** WHAT THE TASK ASKS **
Please make an exact copy of the listing, without the pictures.

** THE DATA **
══════════════════════════════

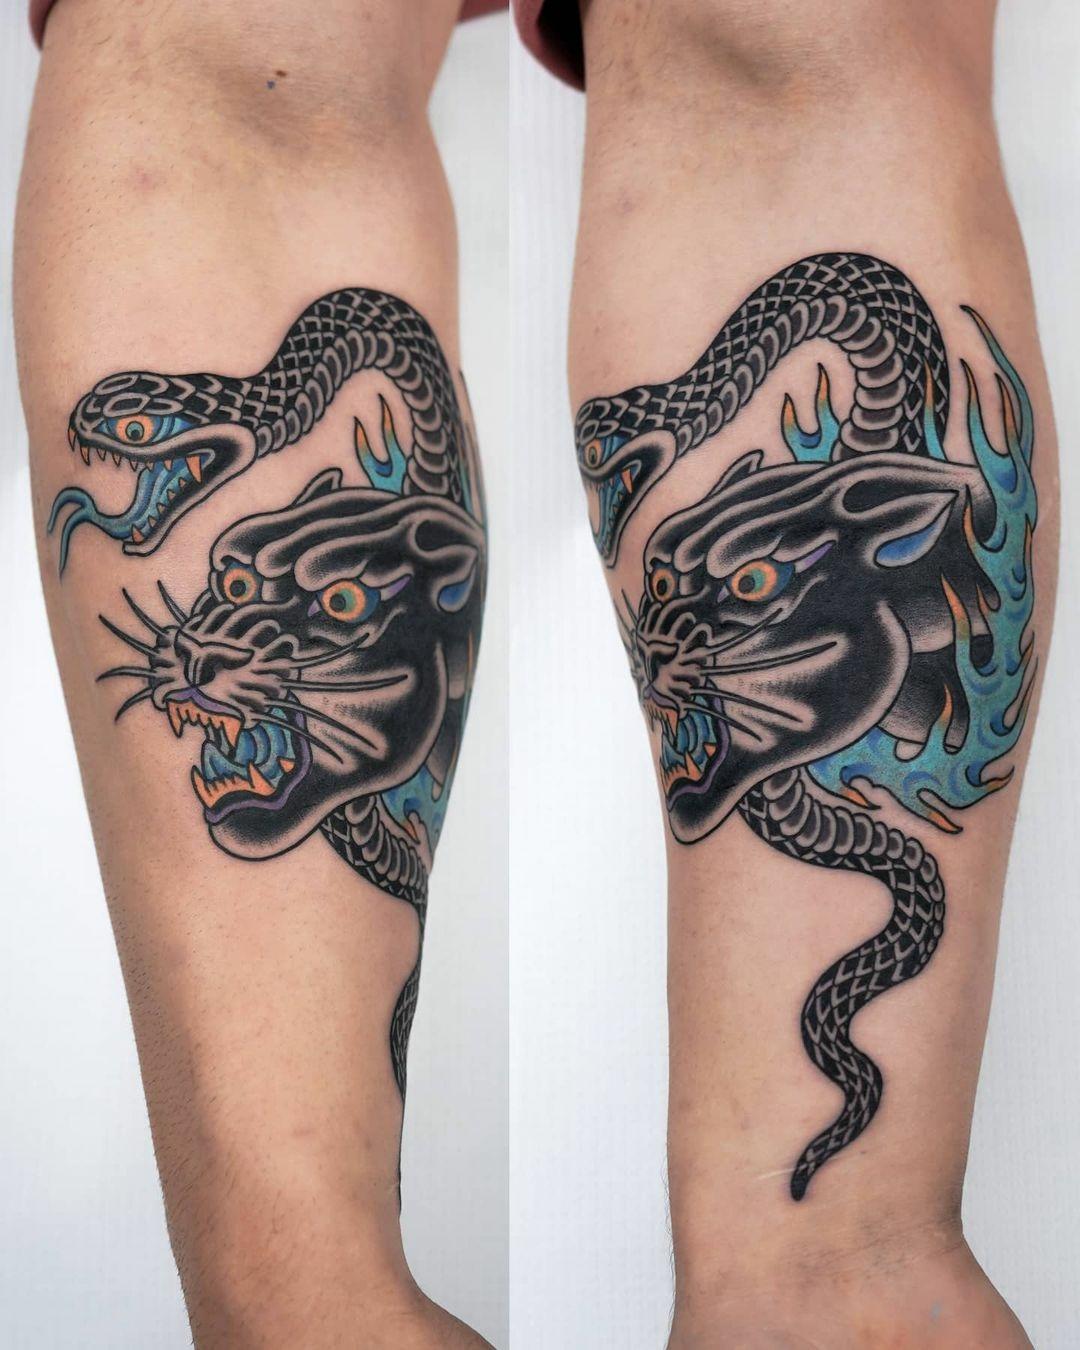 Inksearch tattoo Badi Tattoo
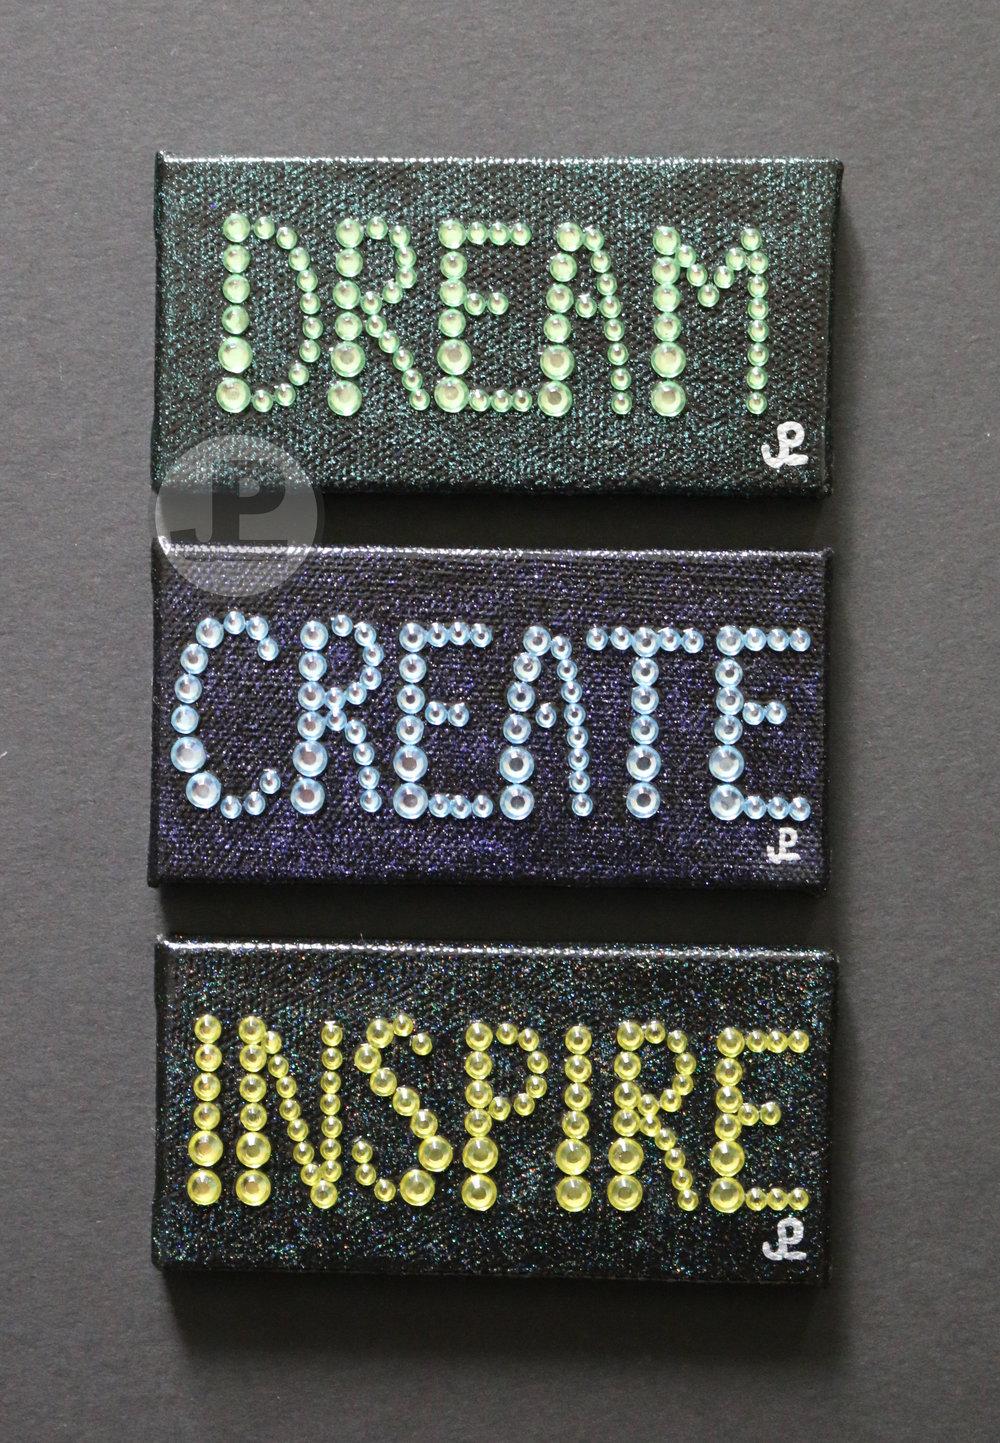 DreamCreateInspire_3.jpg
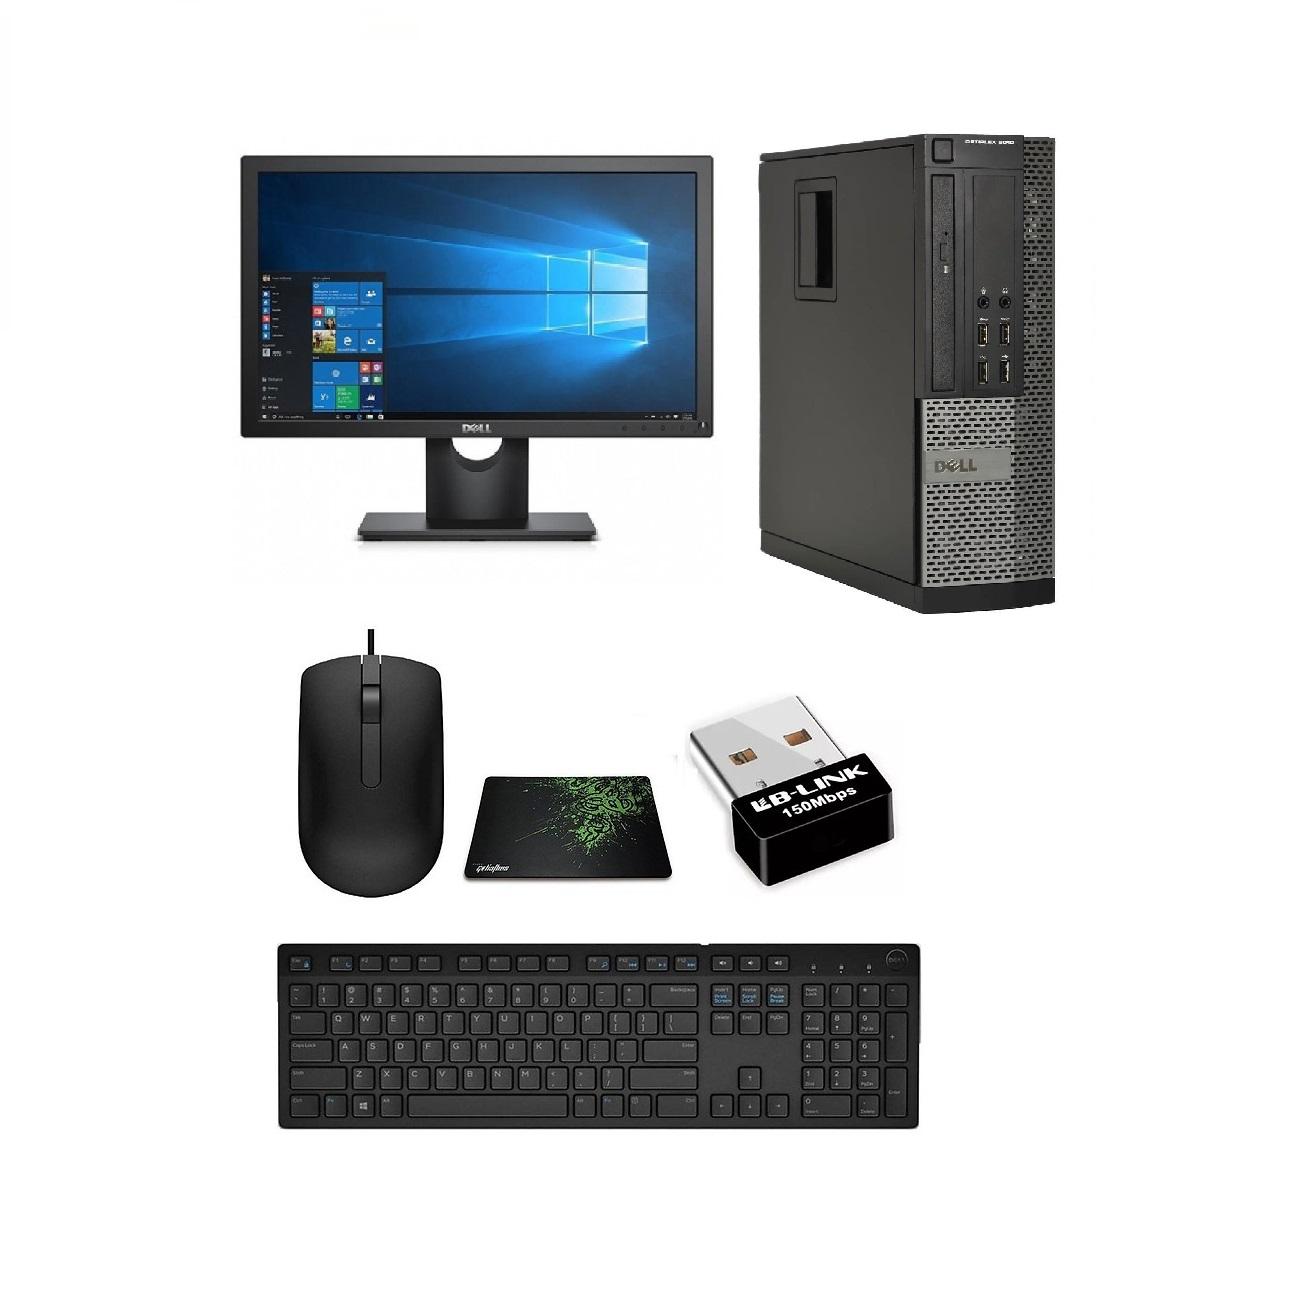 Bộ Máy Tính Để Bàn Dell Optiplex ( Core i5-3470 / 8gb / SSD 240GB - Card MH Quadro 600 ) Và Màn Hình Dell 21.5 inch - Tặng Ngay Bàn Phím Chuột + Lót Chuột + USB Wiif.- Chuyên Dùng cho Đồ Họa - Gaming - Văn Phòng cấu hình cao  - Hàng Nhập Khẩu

══════════════════════════════

** OUTPUT **
 Inksearch tattoo Badi Tattoo
 DreamCreateInspire_3.jpg
 Bộ Máy Tính Để Bàn Dell Optiplex ( Core i5-3470 / 8gb / SSD 240GB - Card MH Quadro 600 ) Và Màn Hình Dell 21.5 inch - Tặng Ngay Bàn Phím Chuột + Lót Chuột + USB Wiif.- Chuyên Dùng cho Đồ Họa - Gaming - Văn Phòng cấu hình cao  - Hàng Nhập Khẩu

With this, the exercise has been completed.